Comment by Foreign Ministry Spokeswoman Maria Zakharova on the murder of Narodnaya Gazeta Editor-in-Chief Yulia Kuznetsova
On November 17, Narodnaya Gazeta Editor-in-Chief Yulia Kuznetsova died in the line of duty in the village of Bolshoye Soldatskoye, the Kursk Region, as a result of a targeted drone attack launched by armed militants of the Kiev regime. The Ukrainian Nazis dropped drone-carried munitions on a vehicle loaded with the newspaper’s archives. The ensuing blast also injured an e-typesetting operator of the newspaper and an accompanying police officer.
We express our sincere condolences to Ms Kuznetsova’s family and friends. She died while performing her professional duty. We wish her wounded colleagues a rapid recovery and convalescence.

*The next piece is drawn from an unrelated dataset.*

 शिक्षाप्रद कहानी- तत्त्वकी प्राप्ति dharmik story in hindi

This cold-blooded murder is yet another example of the ugly and pathologically criminal nature of the Zelensky regime, which is ready to use bloody terrorist methods against civilians, civil services, and media personnel. Moreover, the Ukrainian Nazis have launched a real hunt for journalists covering frontline events. This year alone, they delivered targeted strikes that killed war correspondents Semyon Yeryomin, Valery Kozhin, and Nikita Tsitsagi, and heavily wounded Alexei Ivliyev and Yevgeny Poddubny.

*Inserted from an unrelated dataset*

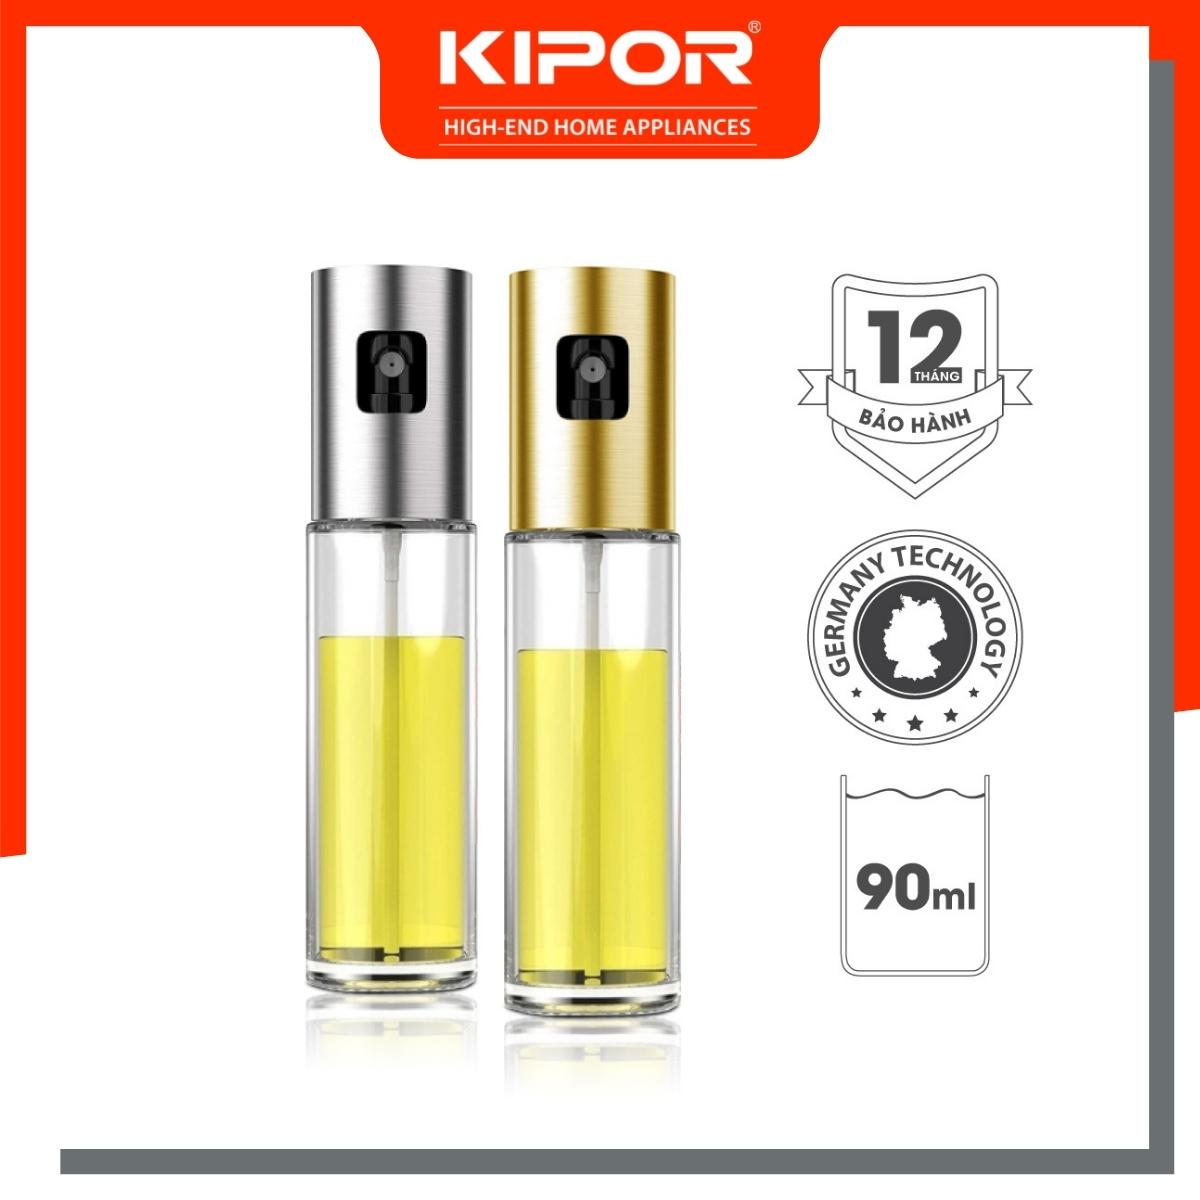 Bình xịt dầu ăn phun sương cầm tay KIPOR KP-XD01 - Chai thuỷ tinh cao cấp - Tiện lợi, dễ sử dụng

This series of cruel murders and attempts on the lives of Russian journalists is a direct consequence of the connivance tactics adopted by the Western patrons of the Nazi clique in Kiev and the deliberate hushing-up of these crimes by the relevant international organisations and human rights groups. Yet another eloquent example of this politically biased and profoundly immoral approach is the recently published draft report for 2022-2023 on media security and the impunity problem by UNESCO Director-General Audrey Azoulay, a report that ignores the official Russian data on journalist deaths during that period. This publication will undergo in-depth analysis at the 34th session of the Intergovernmental Council of the International Programme for the Development of Communication, scheduled for November 21-22.

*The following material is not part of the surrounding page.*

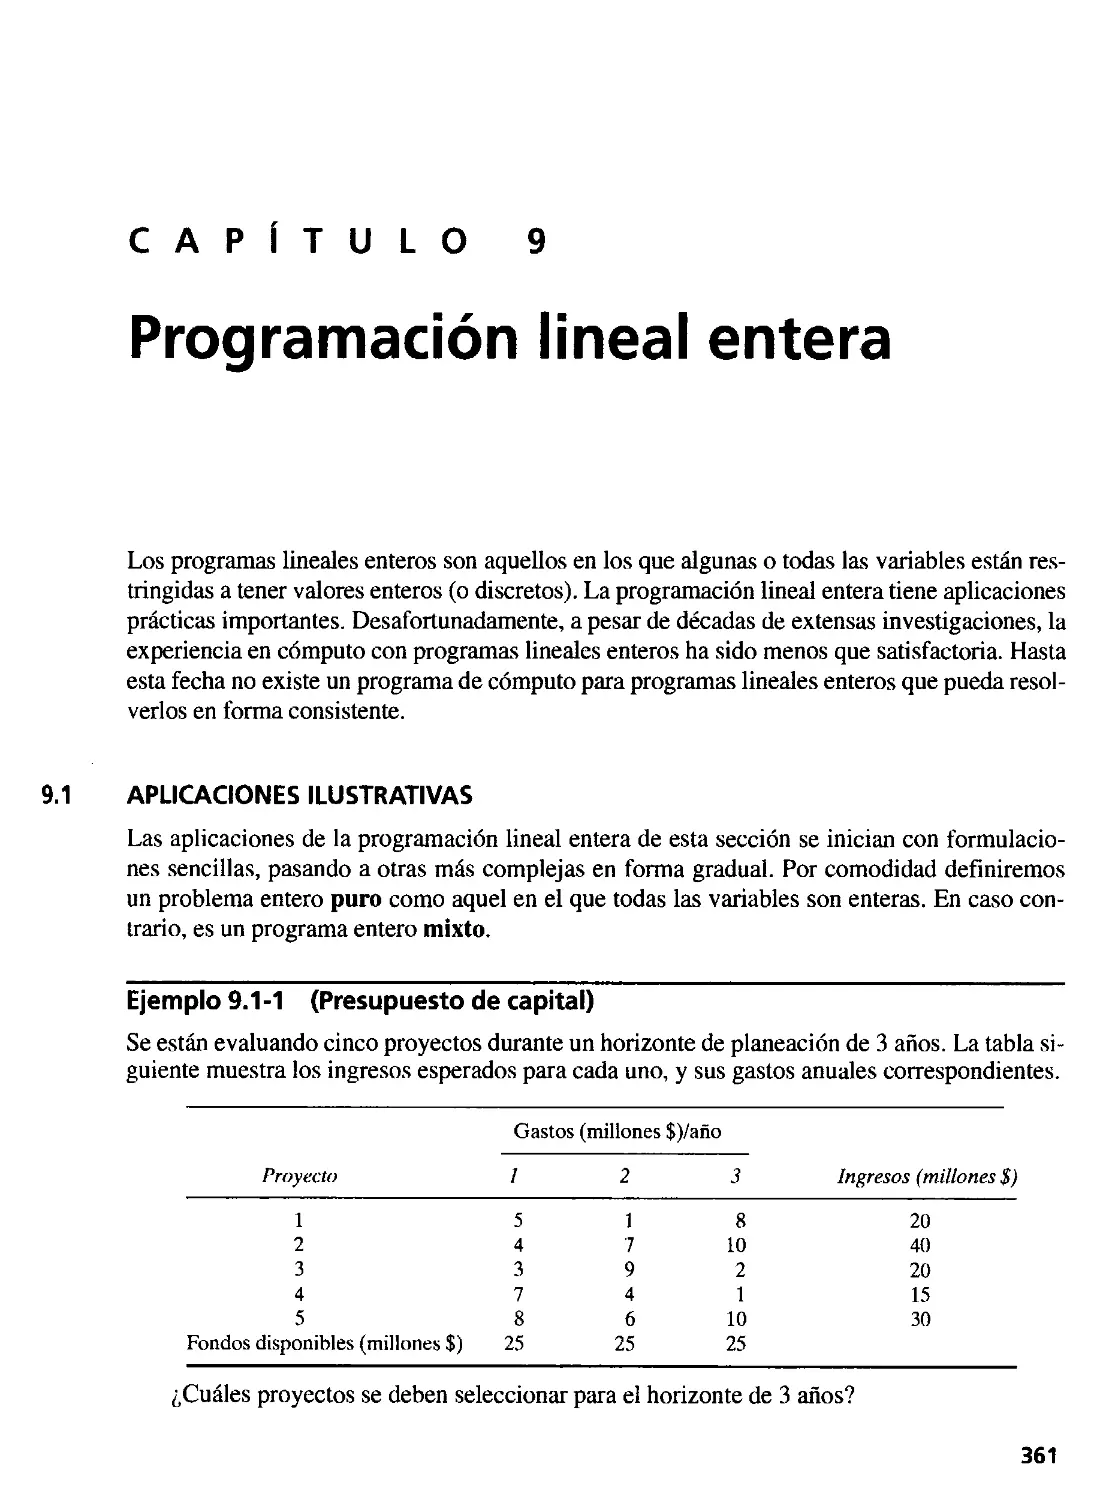 9. Programación lineal entera

Likewise, this hall of shame includes cynical statements by representatives of the Office of the UN High Commissioner for Human Rights (OHCHR). They claim that the lack of response to numerous crimes against Russian journalists from the High Commissioner and various special procedures under the UN Human Rights Council is due to Russia failing to provide access for them to confirm this data. It is an outrage that this affected scrupulousness coincides with these and similar human rights mechanisms being involved in the large-scale misinformation campaigns unleashed by the West and its Ukrainian dependents against Russia, where any insinuations are instantly taken up by these “human rights activists” as evaluative judgments.
We believe it is necessary to once again clarify the following. The “lack-of-access” allegations hold no water because the OHCHR’s official request to visit the Kursk Region was formulated in a provocative and politically biased manner. They wanted to investigate human rights violations “resulting from Ukraine’s response to the Russian armed aggression.” There was not even a hint of an objective and unbiased approach. Worse still, the OHCHR conducts its “investigations” in keeping with a methodology of its own, where victims are asked leading questions that elicit responses desired by the Office.
Currently, Russia’s competent authorities are carrying out an investigation to identify and bring to account, as prescribed by law, all Ukrainian militants implicated in Yulia Kuznetsova’s murder, which is classified as a terrorist attack.
We emphasise once again: all those guilty of murdering the Russian journalist will face well-deserved and unavoidable punishment.